10.1128/ec.00027-15 ◽

2015 ◽

Vol 14 (9) ◽

pp. 908-921 ◽

Cited By ~ 7

Author(s):

Nicole Bühler ◽

Daisuke Hagiwara ◽

Norio Takeshita

Keyword(s):

Plasma Membrane ◽

Aspergillus Nidulans ◽

Filamentous Fungi ◽

Gene Deletion ◽

Fluorescent Protein ◽

Fungal Growth ◽

Hyphal Growth ◽

Apical Plasma Membrane ◽

Important Species ◽

Content Type

ABSTRACT Polarized growth in filamentous fungi needs a continuous supply of proteins and lipids to the growing hyphal tip. One of the important membrane compounds in fungi is ergosterol. At the apical plasma membrane ergosterol accumulations, which are called sterol-rich plasma membrane domains (SRDs).
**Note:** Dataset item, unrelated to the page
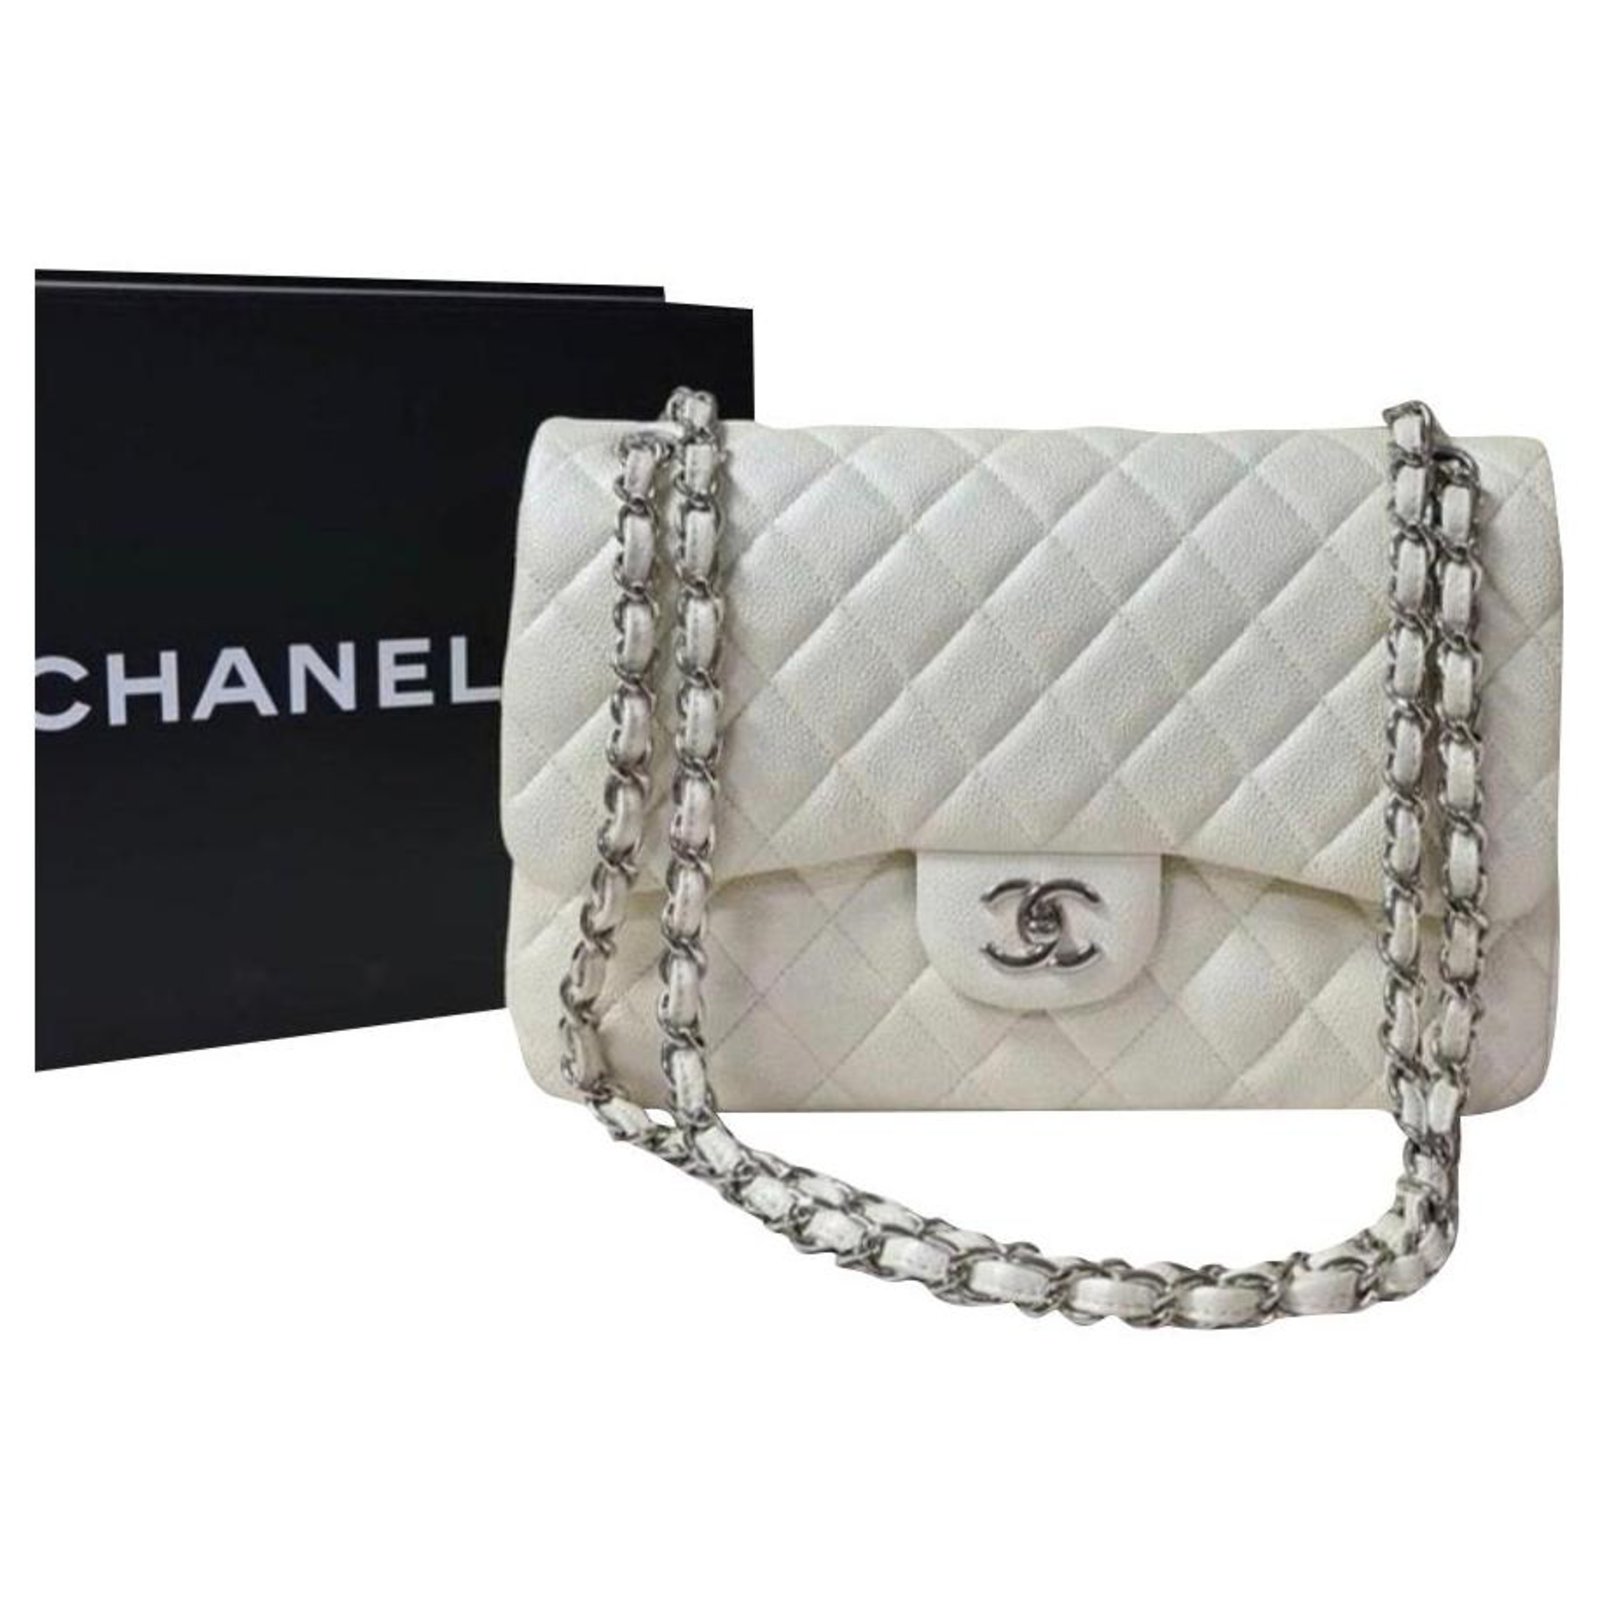 Chanel Jumbo lined flap bag Caviar Ivory SHW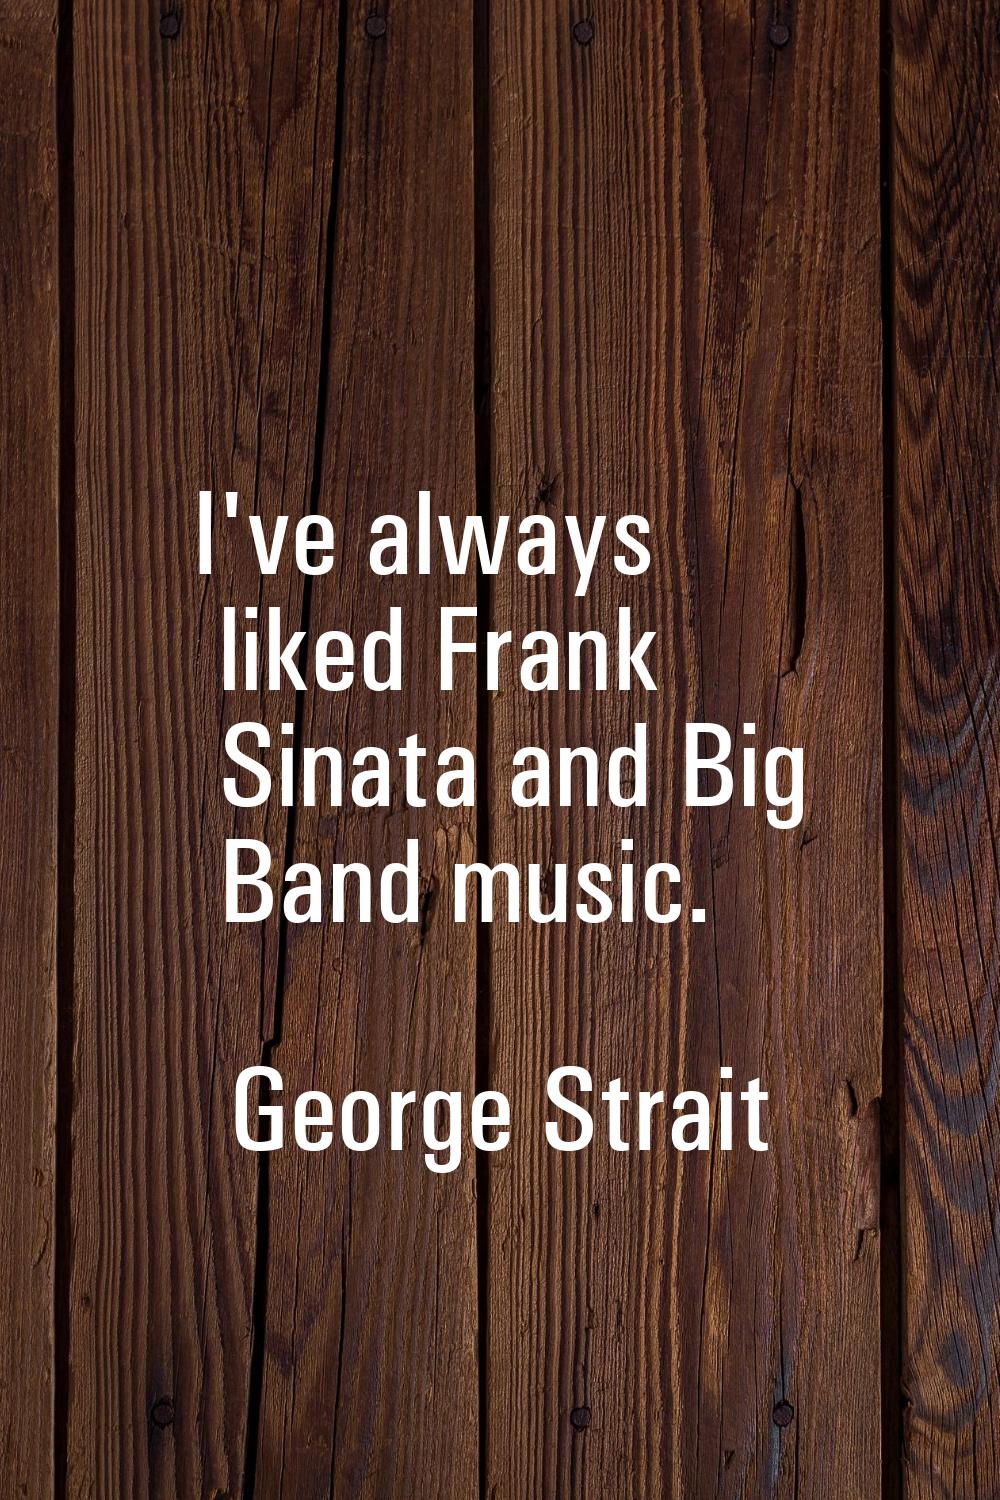 I've always liked Frank Sinata and Big Band music.

The exact roles and formation mechanism of the SRDs remained unclear, although the importance has been recognized for hyphal growth. Transport of ergosterol to hyphal tips is thought to be important for the organization of the SRDs. Oxysterol binding proteins, which are conserved from yeast to human, are involved in nonvesicular sterol transport. In Saccharomyces cerevisiae seven oxysterol-binding protein homologues (OSH1 to -7) play a role in ergosterol distribution between closely located membranes independent of vesicle transport. We found five homologous genes ( oshA to oshE ) in the filamentous fungi Aspergillus nidulans . The functions of OshA-E were characterized by gene deletion and subcellular localization. Each gene-deletion strain showed characteristic phenotypes and different sensitivities to ergosterol-associated drugs. Green fluorescent protein-tagged Osh proteins showed specific localization in the late Golgi compartments, puncta associated with the endoplasmic reticulum, or diffusely in the cytoplasm. The genes expression and regulation were investigated in a medically important species Aspergillus fumigatus , as well as A. nidulans . Our results suggest that each Osh protein plays a role in ergosterol distribution at distinct sites and contributes to proper fungal growth.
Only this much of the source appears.